Kevin Smith’s Clerks III

No longer a sycophant to the Hollywood machine, Smith has been most recently making movies for those who care, and that's okay.

Courtesy Lionsgate.
Courtesy Lionsgate.

Kevin Smith
Clerks III
(View Askew Productions, Bondit
Media Capital, Mewesings, Destro Films, Three Point Capital, 2022)

Since 1994, the area surrounding the Red Bank borough has been an inspirational backdrop for filmmaker Kevin Smith. A New Jersey native, most of Smith’s films are indebted to Red Bank and its outer limits, including Leonardo, a town a few stone throws up the Atlantic coast. If ever there is a cinematic image attributed to Smith—who would most assuredly disavow the thought of himself as a filmmaker hailed by an image—it would be of the Quick Stop storefront in Leonardo, made famous in Clerks (1994), Smith’s breakout film, and seen most recently in the final installment of his Clerks trilogy and most heartfelt of all his work, Clerks III (2022).

The storefront has made several appearances across Smith’s View Askewniverse, a diegetic world consisting of his peculiar brand of New Jerseyans.

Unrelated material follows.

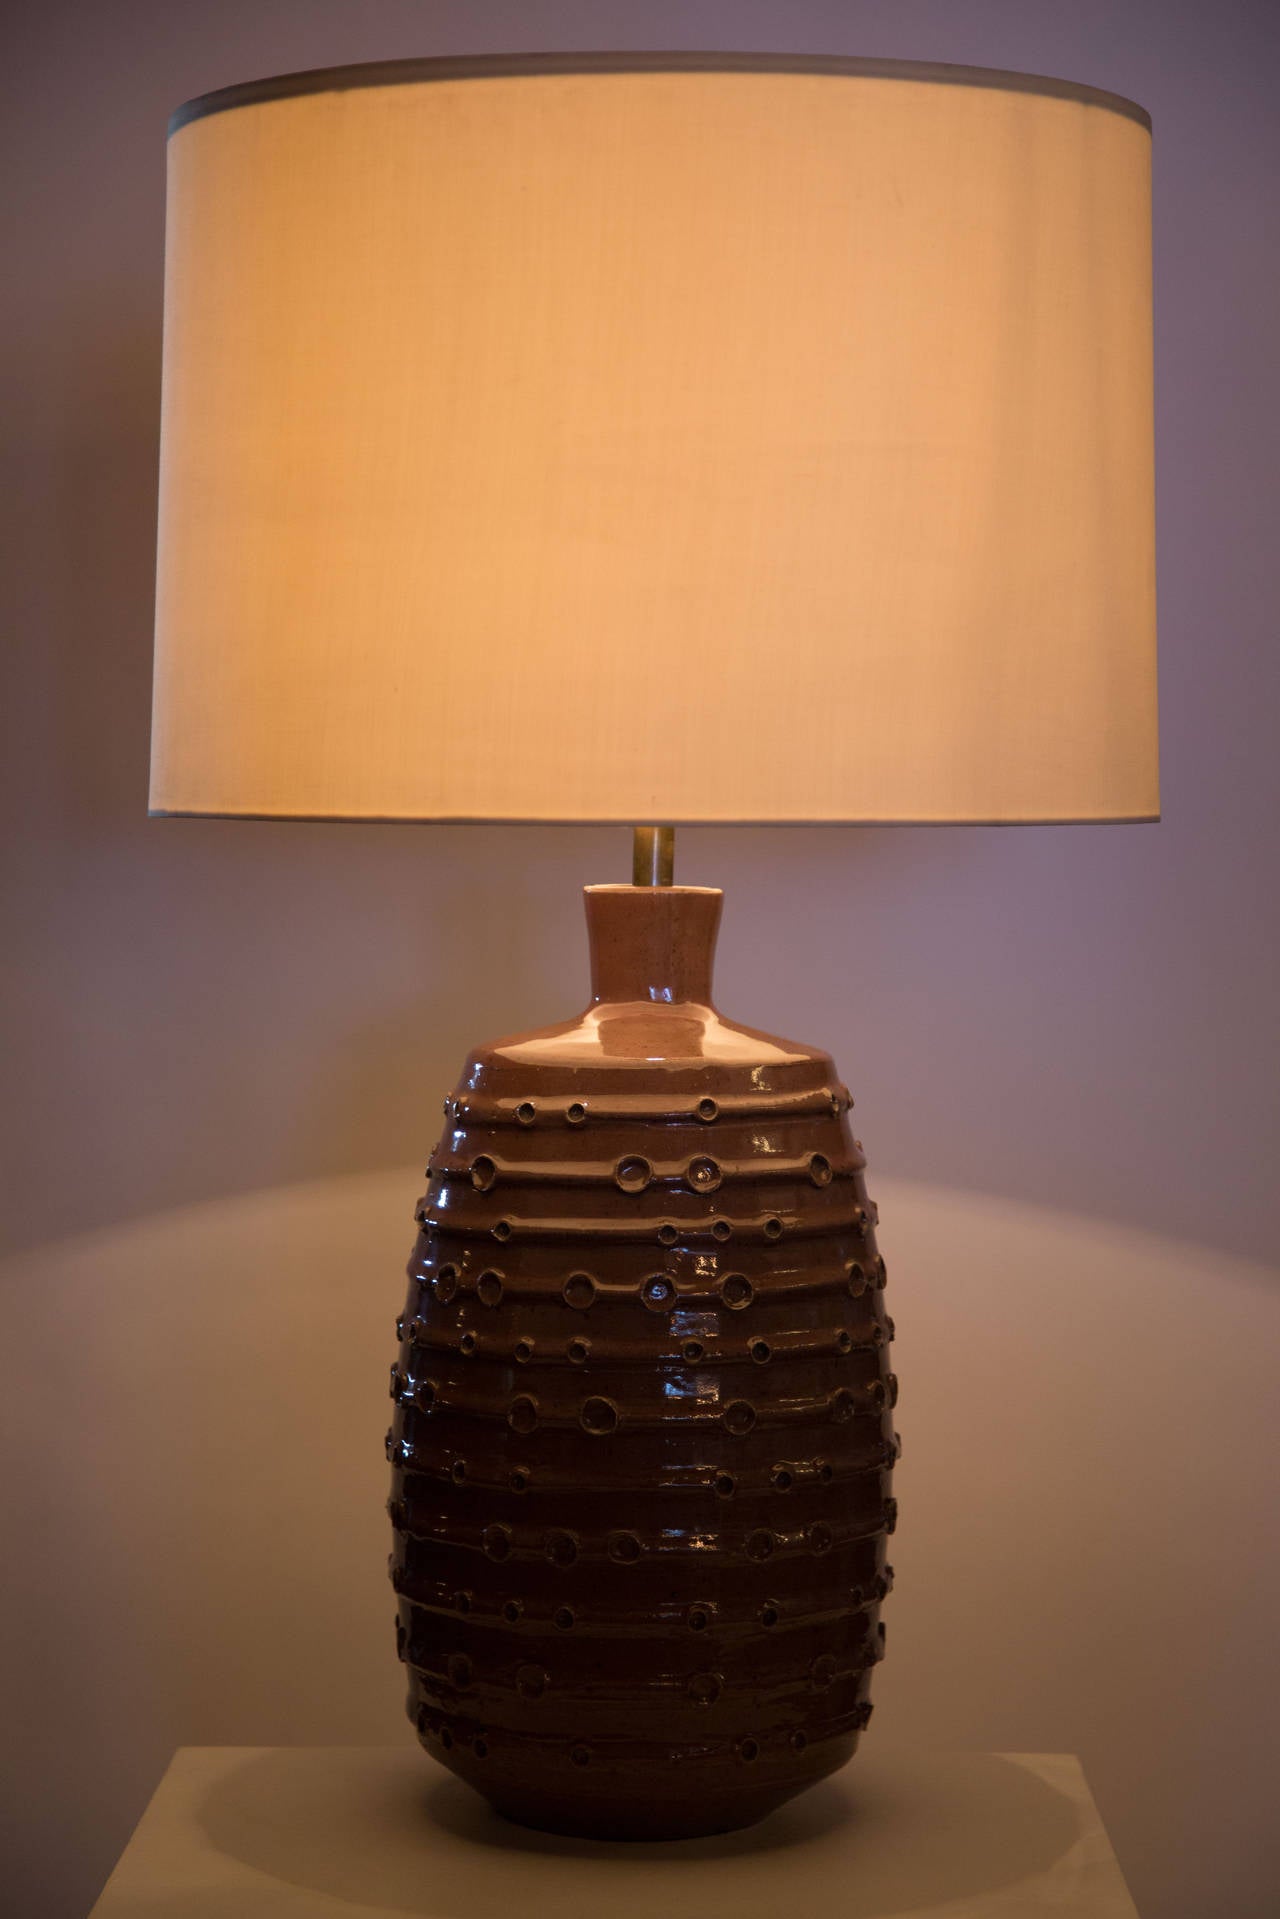 Textured ceramic table lamp.

Named after his production company, View Askew Productions, the View Askweniverse’s propensity for zonked out, foul-mouthed, unapologetically pop culture dialogue distinguishes Smith as a low-budget comedic filmmaker. With nostalgia for Jersey and the experiences of his youth spearheading his authorial vision, Smith’s body of work is bound by his commitment to friends, family, and fans, as well as their growth over the last quarter-century.

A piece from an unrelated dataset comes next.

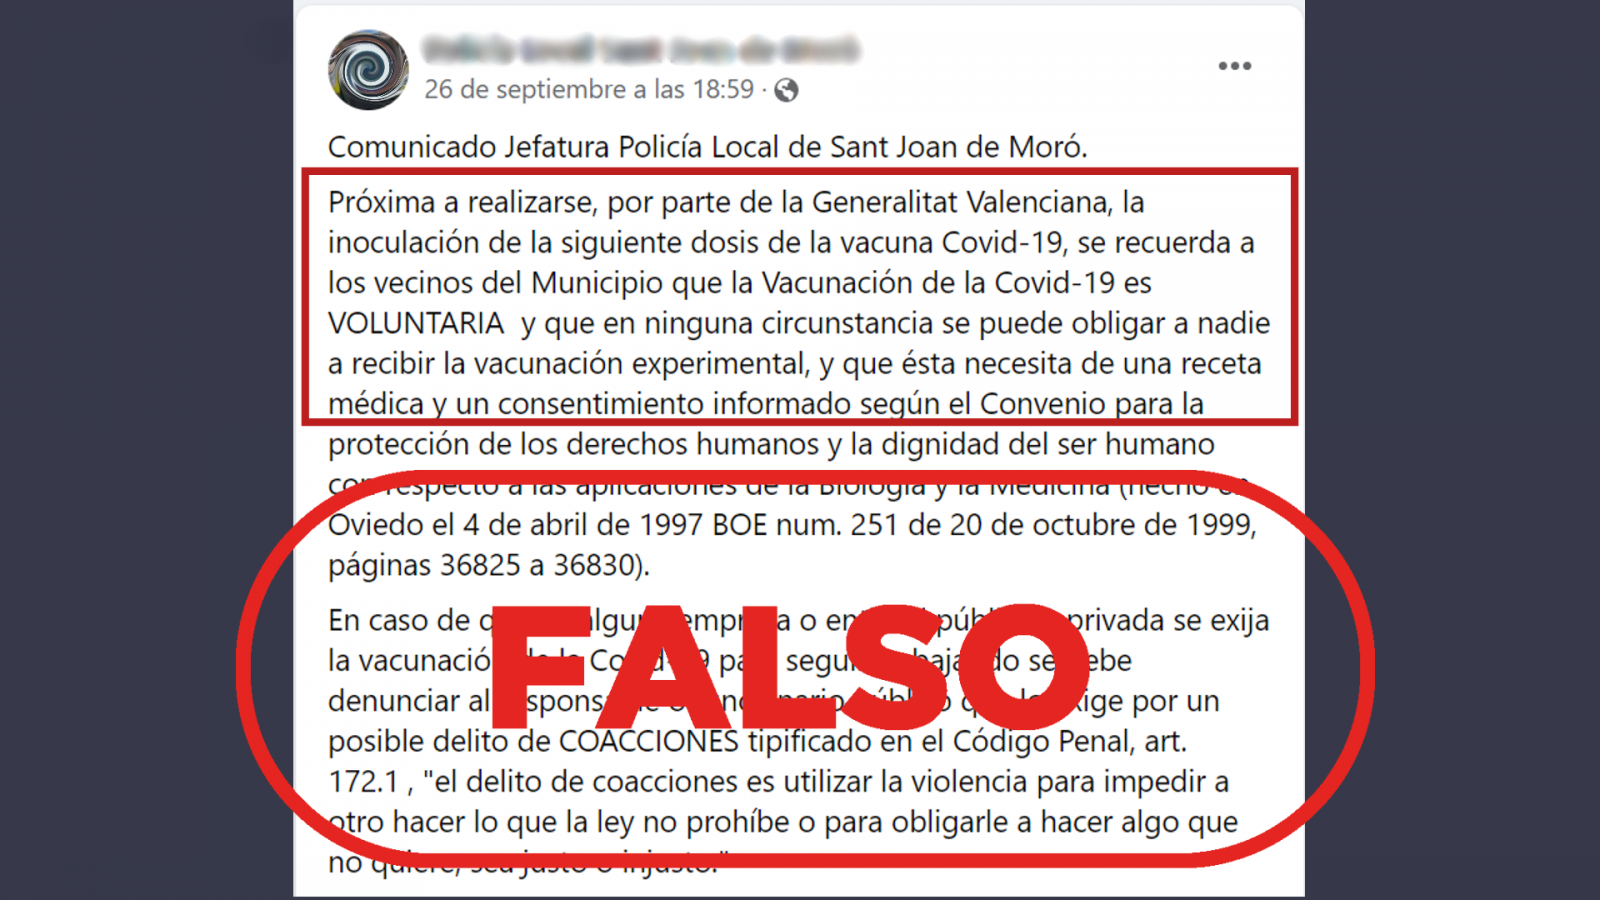 Comunicado de la Policía Local de Sant Joan de Moró (Castellón) en el que comparten argumentos falsos sobre la vacuna contra la COVID-19, con el sello 'Falso' en rojo

Clerks III is the latest and perhaps clearest example of this predilection, boasting a narrative trajectory that mirrors Smith’s real life more than any other film since his first. However, with this latest picture, Smith doesn’t just trudge back through the same old Clerks shtick for a quick buck. Although his films often recycle characters, jokes, and premises, his approach to each new film adjusts with the times and, thus, with Smith’s maturation. In fact, a generous consideration of Clerks III would recognize this maturity through Smith's undying love for friends and filmmaking. Though fans—many of which who are probably not die-hard Kevin Smith film fans, as they seem to value the man or podcasting personality himself as the best product—and detractors alike may have their doubts about Smith’s ambition (and abilities) as a filmmaker, his latest film puts into perspective that what has come before in a Kevin Smith film has always been more than just about him.

The latest Clerks sat in development hell for what seemed like a decade. Jeff Anderson, who plays Randal, one of two prominent leads throughout the Clerks trilogy, refused to commit to a third picture for years. It wasn’t until a year after Smith’s heart attack in 2018 that Anderson boarded the picture after a full revision and some convincing by Smith post-cardiac arrest. Escaping the clutches of a widow-maker, Smith found a renewal for his health and his art by going vegan, committing himself to a healthier lifestyle. Turning back to his filmmaking roots with Clerks III, now as a man long removed from the days of his youth, Smith produces a somber yet affecting vulnerable gesture of gratitude to those that have stuck by his side over the years.

As much as any other filmmaker, Smith’s films are marked by his willingness to explore his own vulnerability. A small town, hockey-loving, comic book geek, Smith’s peculiar gravitas is punctuated by his proclivity for life-affirming sincerity under the veil of dick and fart jokes. I know, I know—gravitas doesn’t usually get followed by dick and fart jokes, but a Kevin Smith film is typically situated between adolescent male humor aesthetics and more mature interrogations of relationships, consumerism, and aging. Though not always successful, these disparate elements coalesce into fusions of marketable raunchy gimmickry and indie-philosophical aptitude.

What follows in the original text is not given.